The Harp Hotel, Wollongong, 1959 before its demolition in 1965. Picture: Noel Butlin Archives, Australian National University. Inset: Billy Fitzpatrick enjoying a beer and a smoke in the temporary bar of the Harp Hotel in 1965. Picture: Illawarra Mercury.

By MICK ROBERTS ©

THE Harp Hotel was old Billy Fitzpatrick’s second home.

The retired baker had been a ‘regular’ at the pub, in the Illawarra region of NSW, for 64 years when he was photographed enjoying a noggin of beer in a temporary bar.

The temporary bar was built to accommodate drinkers while a replacement hotel was under construction, in 1965. The Harp Hotel is Wollongong’s oldest licensed premises, established as a coaching inn, and which continues to trade in Corrimal Street.

Billy was just five years old when he first visited the bar of the Harp Hotel with his grandfather.

The original coaching inn, opened in 1839, was demolished and replaced with the Harp Billy knew for most of his life, in 1896.

William Clifton Patrick arrived in Wollongong as a boy, and as a teenager he gained work as a baker. By the time he was 30 he owned his own bakery in West Wollongong.

A retired 69-year-old Billy, who I believed was a bachelor, lived in nearby Market Square, when he was interviewed by the Illawarra Mercury in 1965.

It’s not known what the old baker thought of the demise of his old pub and its sterile replacement, with its chrome and laminated tables and chairs, and tiled floors and walls. But, I would risk a guess he wasn’t impressed with his new pub.

The “new” Harp Hotel, Wollongong, 1965. Picture: Noel Butlin Archives, Australian National University.
Billy Fitzpatrick in the newly opened bar of the Harp Hotel, Wollongong, 1965. Picture: Australian National University.

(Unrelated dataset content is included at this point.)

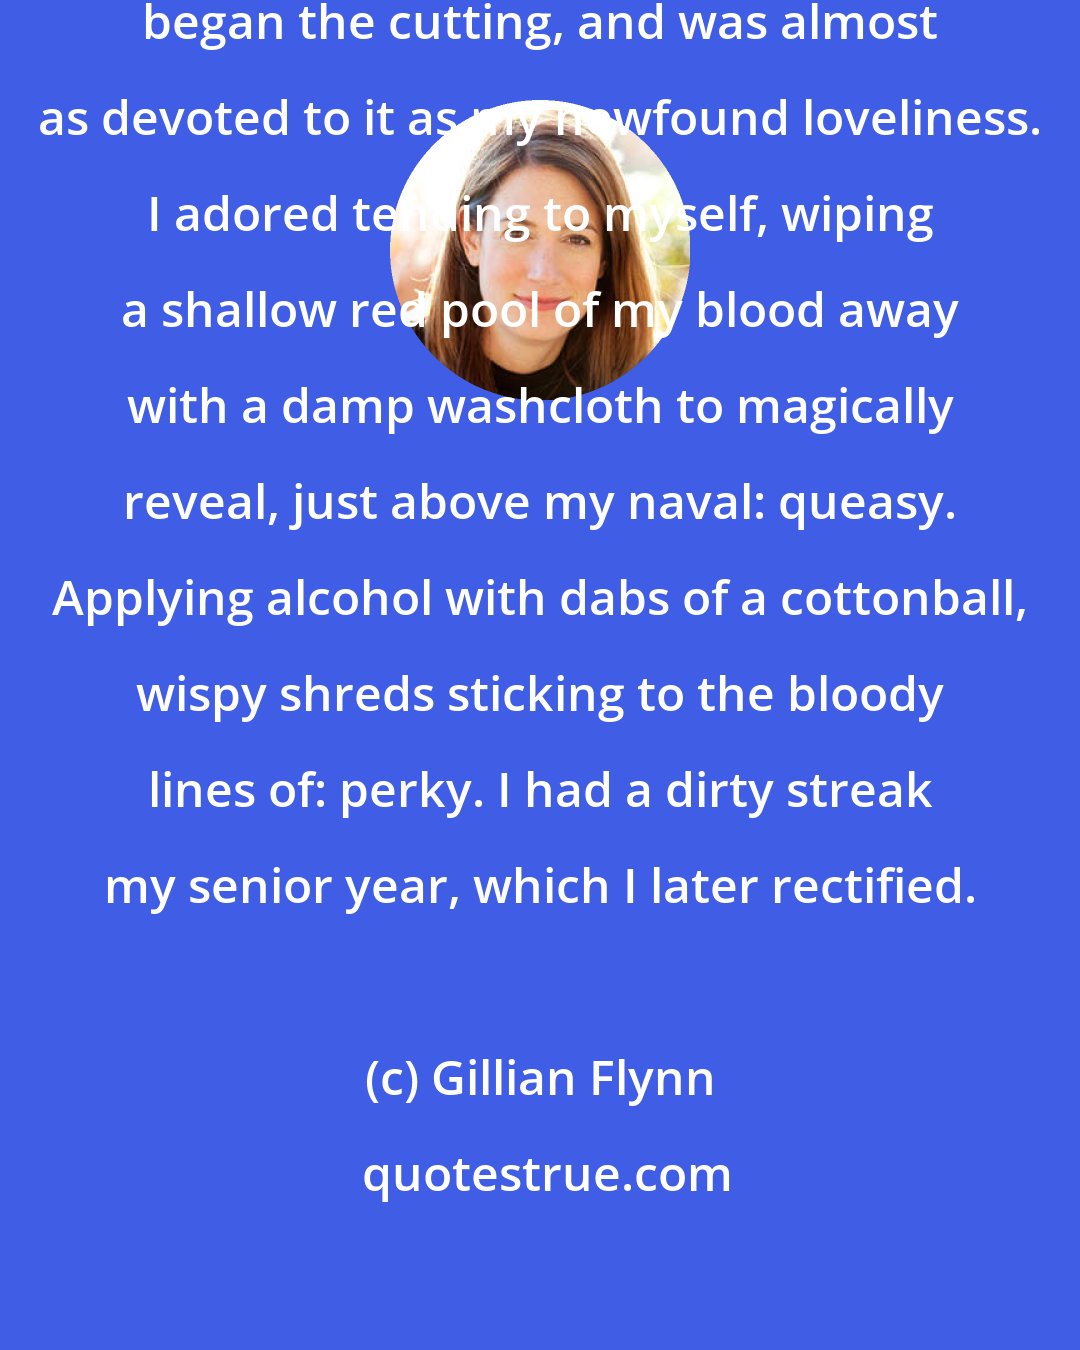 Gillian Flynn: It was that summer, too, that I began the cutting, and was almost as devoted to it as my newfound loveliness. I adored tending to myself, wiping a shallow red pool of my blood away with a damp washcloth to magically reveal, just above my naval: queasy. Applying alcohol with dabs of a cottonball, wispy shreds sticking to the bloody lines of: perky. I had a dirty streak my senior year, which I later rectified.

When the new Harp opened on July 28 1965, Billy continued to frequent its bar. We know this because he is captured in a Tooth & Company Brewery photograph, pictured sitting alone in the public bar, looking a little forlorn, drinking a seven ounce glass of beer, with his newspaper and a smouldering ashtray sitting on the table, arguably lamenting the loss of his old Harp.

William Clifton Fitzpatrick didn’t live long after this photograph was taken, and he died later that year at the age of 69.

He went to the Harp with his grandfather

BILLY Fitzpatrick of Market Square, went to work with the City’s milkman, Charlie Price, at the same age that he became a regular at the Harp Hotel.
He earned 2/6 a week.
“I walked from house to house, carrying four gallons of milk, two each hand,” he recalled yesterday as he downed a glass of ale in a temporary bar at the back of the Harp Hotel.
The Harp, the City’s oldest pub, is being pulled down to make way for a new building.
For Billy Fitzpatrick the old Harp has been like a second home.
“I’ll be 69 in May, you know,” he remarked.
“My grandfather ushered me through the swinging doors of the Harp at the age of five and I have been a ‘regular’ since.
I didn’t touch the beer until my ‘teens, but I would sing a song for the ‘locals’ and collect a halfpenny to buy biscuits.
“I have known all the important people in Wollongong in my time and drunk with many of them at the Harp. I knew ‘King’ Billy, the lot”.
The Fitzpatricks moved to Wollongong from Cooma in the late 1890s.
At the age of 17 Billy decided to become baker and started with a leading firm.
He is a veteran of two world wars.
In 1914 he travelled with the 18th battalion as a pastry cook. “They sent me all over France to feed the boys,” he said.
“In the 1940-45 war, I marched with the 13th battalion. I was in the transport division.”
After the war, Billy opened his own bakery at West Wollongong, in late 1945, but retired several years back when Southern Bakeries moved in.